The NGS technique was executed for a total of 500 bootstrap realizations of the MTV data from all the methods, as described in Sec. 2.4, yielding 500 NSR values. The CI of the difference in the NSR values between the candidate for the most precise method and other methods, i.e., ΔNSRk, was obtained. Analysis of these CIs was performed to determine the most precise segmentation method. We also implemented the consistency check described in Sec. 2.5 on the output of the NGS technique.

3.4. Sensitivity to Patient Dataset

The objective of this experiment was to study the sensitivity of the output of the NGS technique to the choice of the set of MTV measurements considered in the dataset.
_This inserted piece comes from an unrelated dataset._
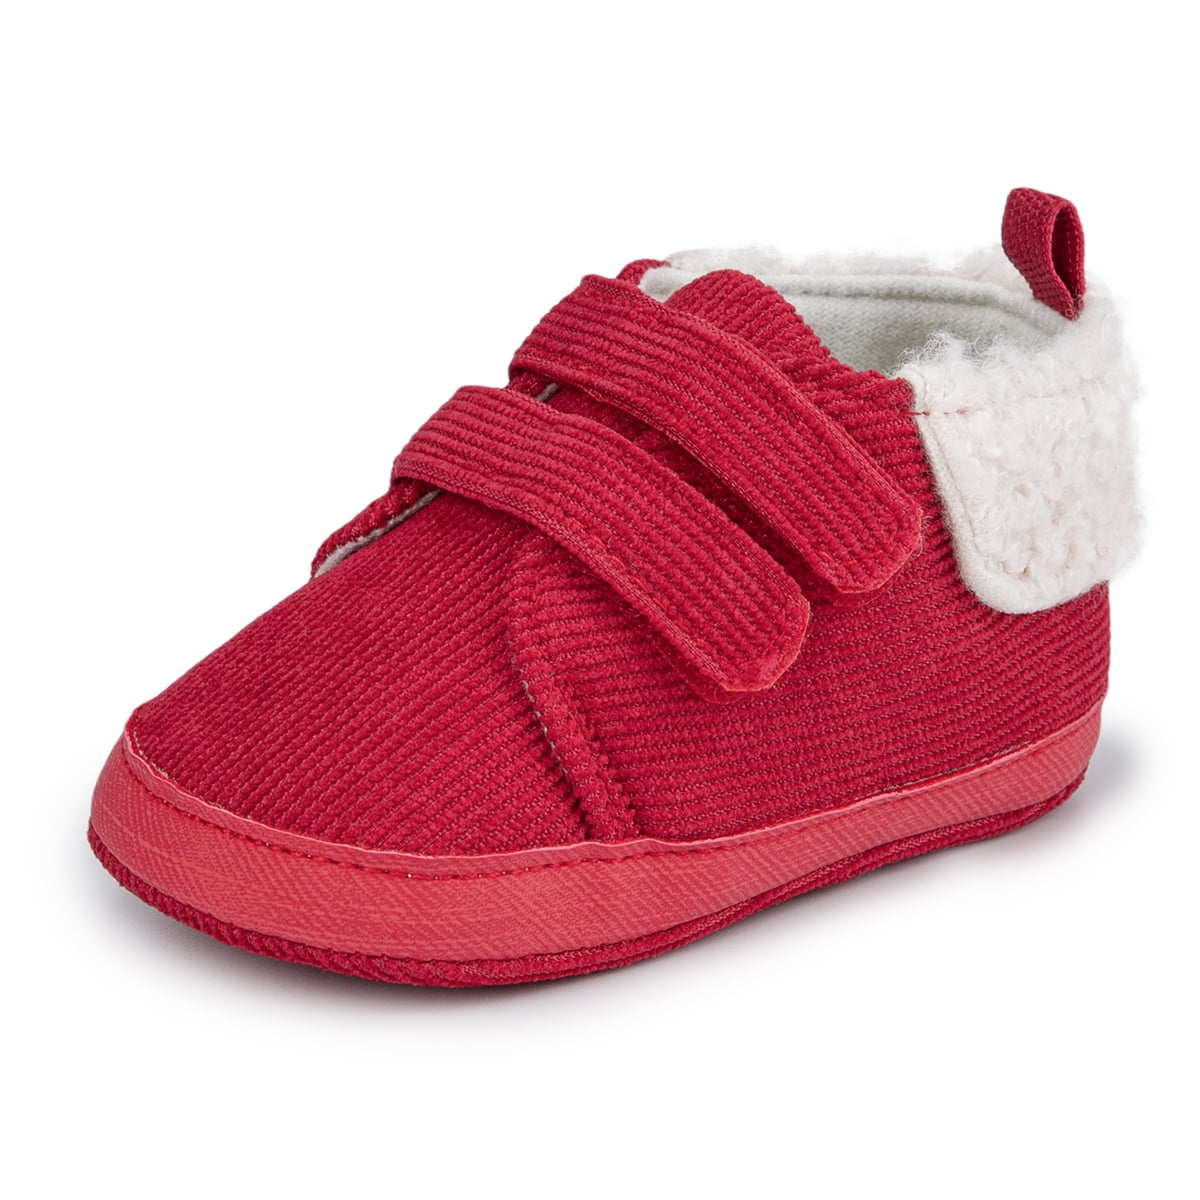 Meckior Baby Boys Girls Shoes Infant Warm Fleece Boots Newborn Winter ...

As mentioned above, the available patient dataset provided MTV measurements from 214 lesions for each method. We created a group of MTV measurements from 150 tumors by sampling without replacement from this dataset. The value of 150 was chosen since that allowed for each combination to have different sets of MTV measurements. Next, using the bootstrap-based procedure, the CI for the difference in the NSR values between the various segmentation methods and the most precise segmentation method, i.e., ΔNSRk, was computed. The experiment was repeated for 50 trials. The variation in the estimated CIs over the trials was assessed.

3.5. Effect of Reducing the Number of Patient Studies

In the NGS technique, a number of parameters are estimated. For example, when comparing three segmentation methods, 13 parameters are estimated. To estimate these parameters, measured quantitative values from a large number of patient studies are required. This requirement could limit the utility of the NGS approach to applications where large numbers of patient datasets are available. It was thus of interest to study the reliability of the NGS technique in determining the most precise segmentation method as the number of patient images was reduced.

To study the effect of reducing the number of patient studies on the performance of the NGS technique, we varied the number of lesion measurements input to the NGS technique from 40 to 214. The CI of the difference in the NSR values for the various segmentation methods relative to the most precise method, as determined using data from all 214 MTV measurements, was obtained. The upper limit of the estimated CI and the width of the 95% CI were analyzed.

4. Results

4.1. Testing for Linearity

Scatter plots of the measured MTV values between different pairs of segmentation methods are shown in Fig. 6. Pearson’s correlation coefficient between the measurements using the different pairs of methods is reported on the scatter plots. A visual inspection of the plots indicates that these measurements were linearly related. Furthermore, the values of the correlation coefficient were close to unity, providing stronger evidence of this linear relationship. We thus proceeded to apply the NGS technique.

Fig. 6.

Fig. 6

Scatter plots depicting the relationships between the true and measured MTV values for different pairs of segmentation methods. The Pearson’s correlation coefficient is given on each plot.

4.2. Determining the Most Precise Segmentation Method

The estimated NSR value for the four segmentation methods for the first 100 bootstrap trials is plotted in Fig. 7. It was observed that the 40% SUVmax method consistently had the lowest NSR. Thus, the 40%SUVmax method was chosen as the candidate for the most precise method, and the CI of the difference between the NSR using this method and the other three segmentation methods was obtained. The upper limit of the 95% CIs for this difference estimate was always greater than 0, as shown in Table 1. This result shows that the superiority of the 40% SUVmax method was statistically significant.

Fig. 7.

Fig. 7

The NSR for the different segmentation methods for the first 100 bootstrap trials.

Table 1.

The upper and lower limits of the CI of the difference in the NSR estimates between the 40% SUVmax and the other segmentation methods.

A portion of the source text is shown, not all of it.